Justin’s mother, Alana, said her son still has to undergo corrective surgery to restore full vision in his left eye. She expressed gratitude to all those who had helped her family deal with this tragedy. Seepersad-Bachan, who is also the San Fernando West MP, said she had embarked upon a journey to restore sanity to the nation’s schools. The campaign will target some 23 schools in the San Fernando district.
Seepersad-Bachan launched the initiative with president of the Anti Bullying Association of T&T, Jeromy Rodriguez, 12, the police, the Ministries of Education and Gender and the National Parent Teachers Association. After the launch, the team began its first lecture at the San Fernando Girls’ and Boys’ Anglican schools.
Rodriguez, a student of the Cowen Hamilton Secondary School, Princes Town, had to rush through an exam to get to the launch on Tuesday. He told school principals the association was conceptualised after his sister endured two years of bullying.
“I started this campaign because of my sister, Vickieve Harrington. She was being bullied at school and it really broke my heart to see her coming from school with a black eye, no money, because this child at the school was taking away her money and she was not focusing on school,” Rodriguez said. Together with his mother, Yvonne Harrington, Rodriguez envisioned taking an anti-bullying campaign to schools and put it into operation.
Rodriguez said the campaign had been successful to date, but with bullying in schools spiralling out of control, he called on the Minister of Education Dr Tim Gopeesingh to make some kind of intervention to end this scourge.

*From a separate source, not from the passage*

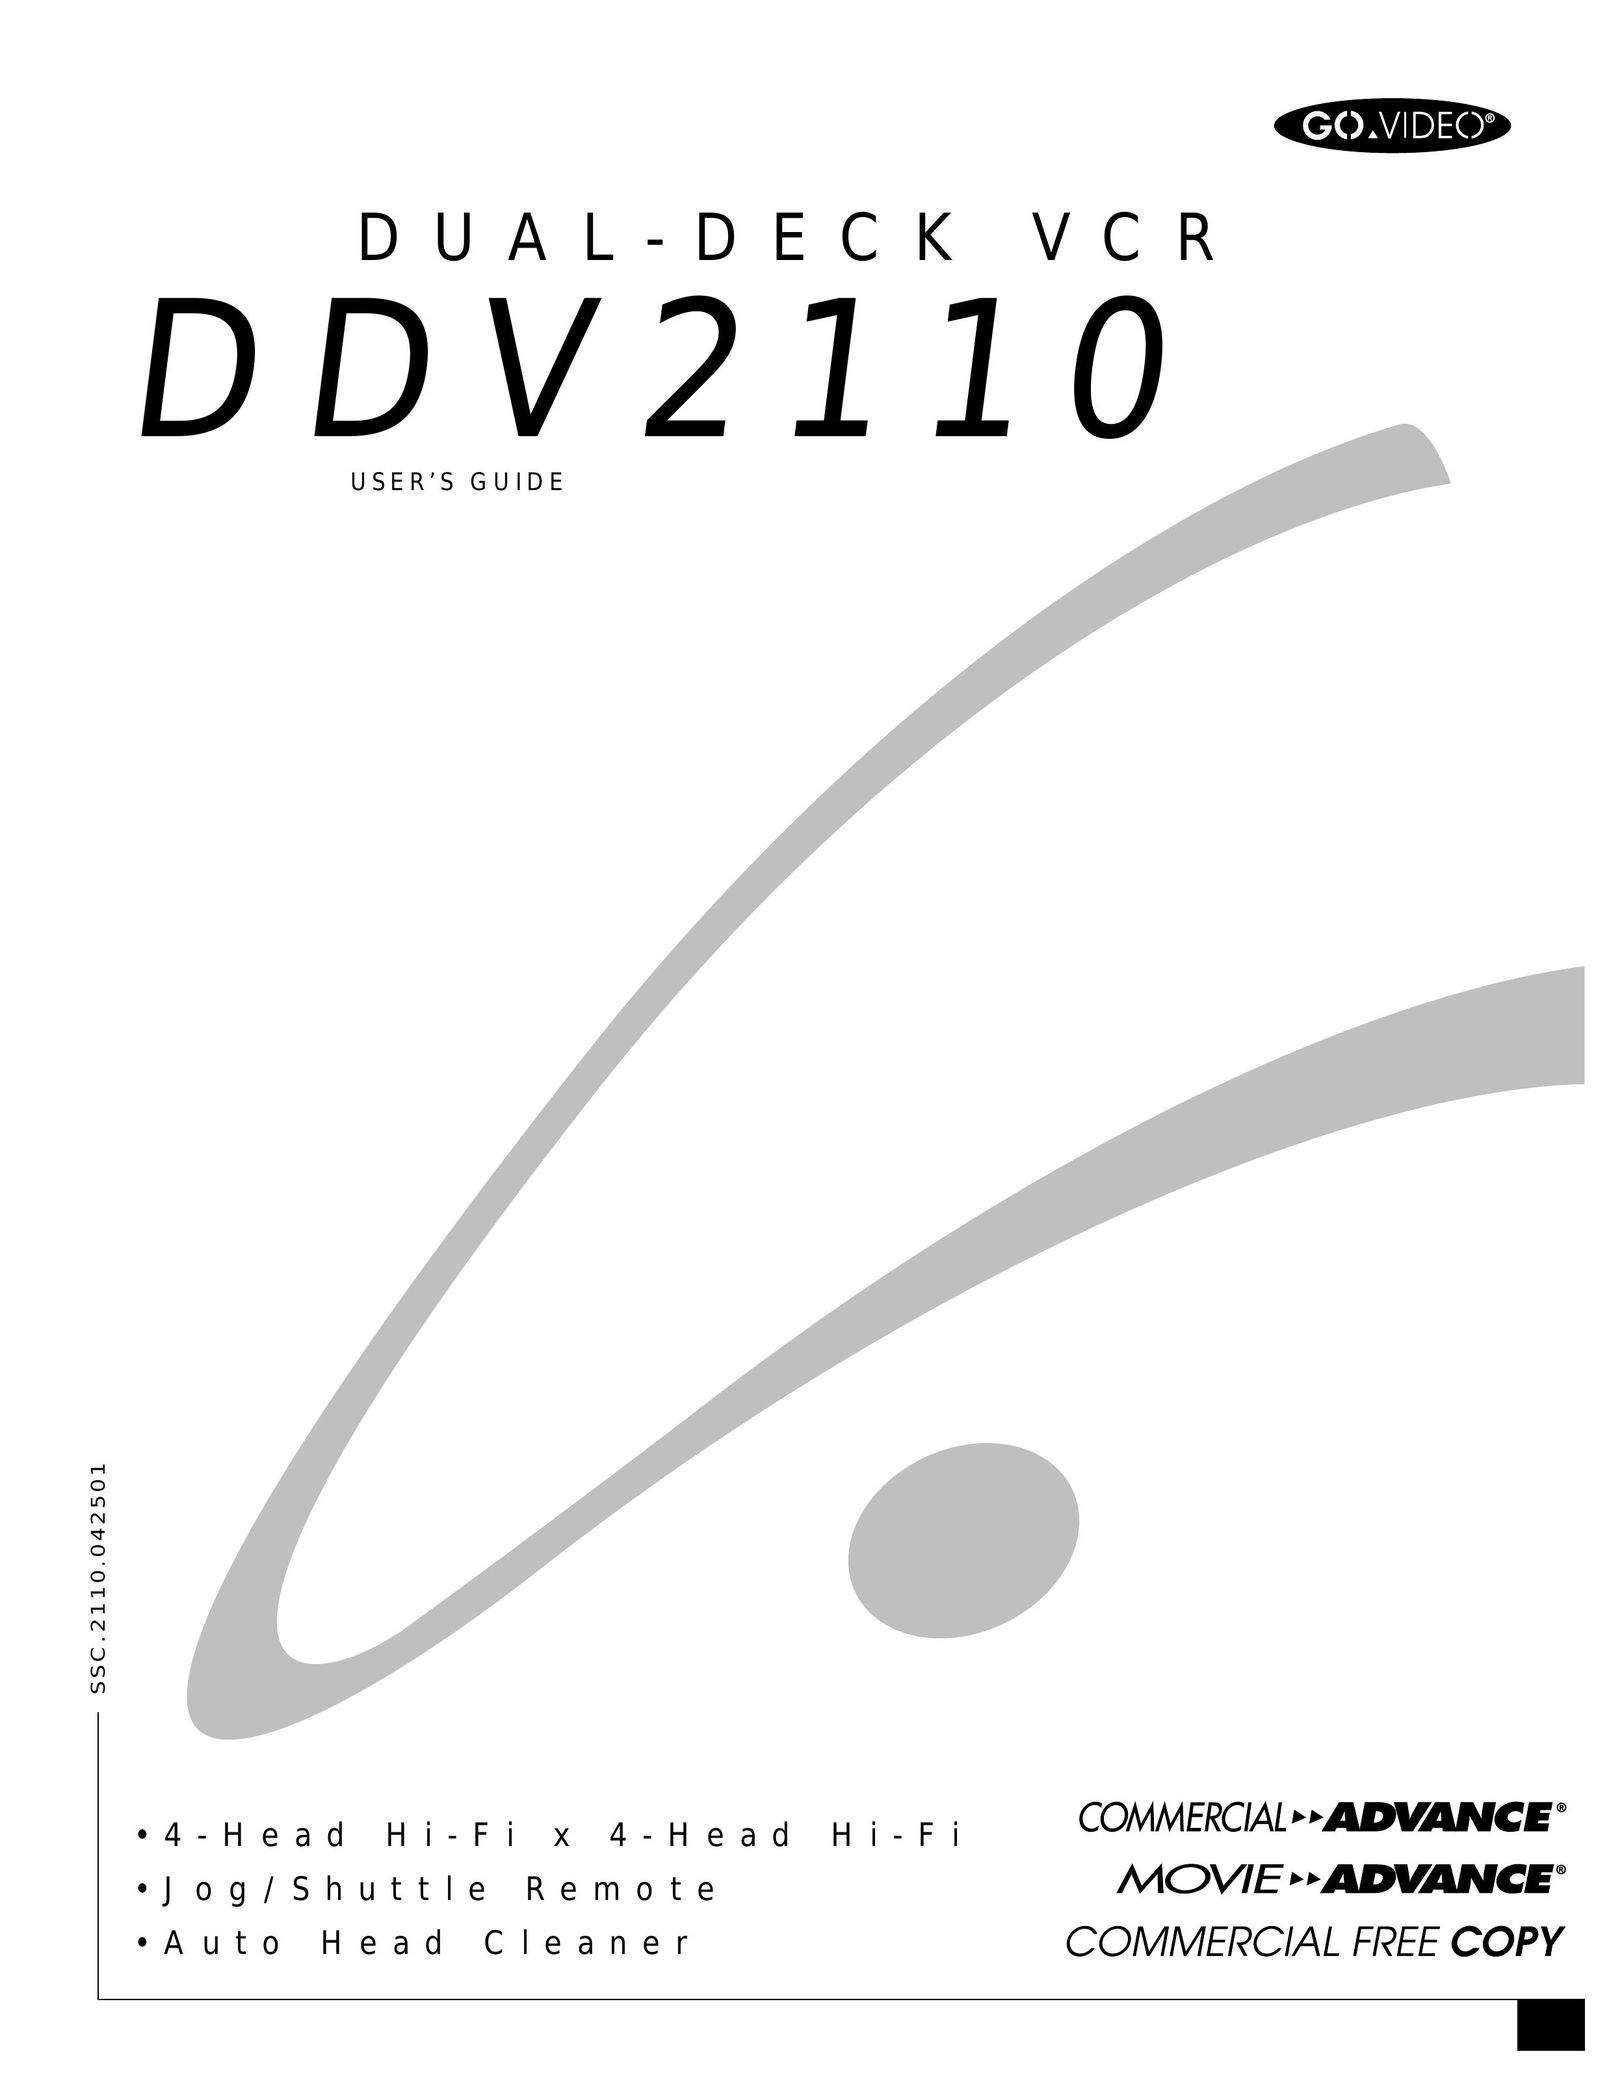 GoVideo DDV 2110 VCR User Manual

School supervisor Claire Telemaque gave the assurance that the minister was doing just that. She referred to a parenting conference on Monday, where stakeholders were invited to work with the ministry to ensure the problem was eradicated.
Telemaque said only recently, the ministry hired some 732 student support officers, who are guidance officers, school social workers, educational psychologists and counselling psychologists, to help support students so they do not go the way of bullying. Community police inspector Michael Maurice applauded the initiative and committed the police service to working with any organisation to end bullying in schools.
The campaign was also endorsed by Senator Raziah Ahmed, Minister in the Ministry of Gender, Youth and Child Affairs. She said she was happy to be a part of this important initiative, “to ensure that the welfare of our children in the schools and outside of the schools are not hampered by a growing rampage of what appears to be a popular campaign of bullying, that is fed by the social network, by media, by the ability of young people to upload videos instantly, to transmit pictures instantly, of incidents that hurt and belittle our little ones.” Seepersad Bachan concurred.
“No school and no child is safe from the scourge of bullying, a phenomenon that has been with us from ancient times but which has been made much worse by the increased availability and use of social media and problems in parenting, problems in society. “It is no longer one boy or one girl being terrorised or ostracising another, or a gang of kids making life miserable for others. What we see are various manifestations of the problem of bullying: cyber bullying, office bullying, peer bullying and even bullying by parents.
“The effects of this horrendous act on our young citizens are detrimental to the personal growth and wellbeing of our children and poisons what should be a constructive and positive school environment to one that is destructive and negative.”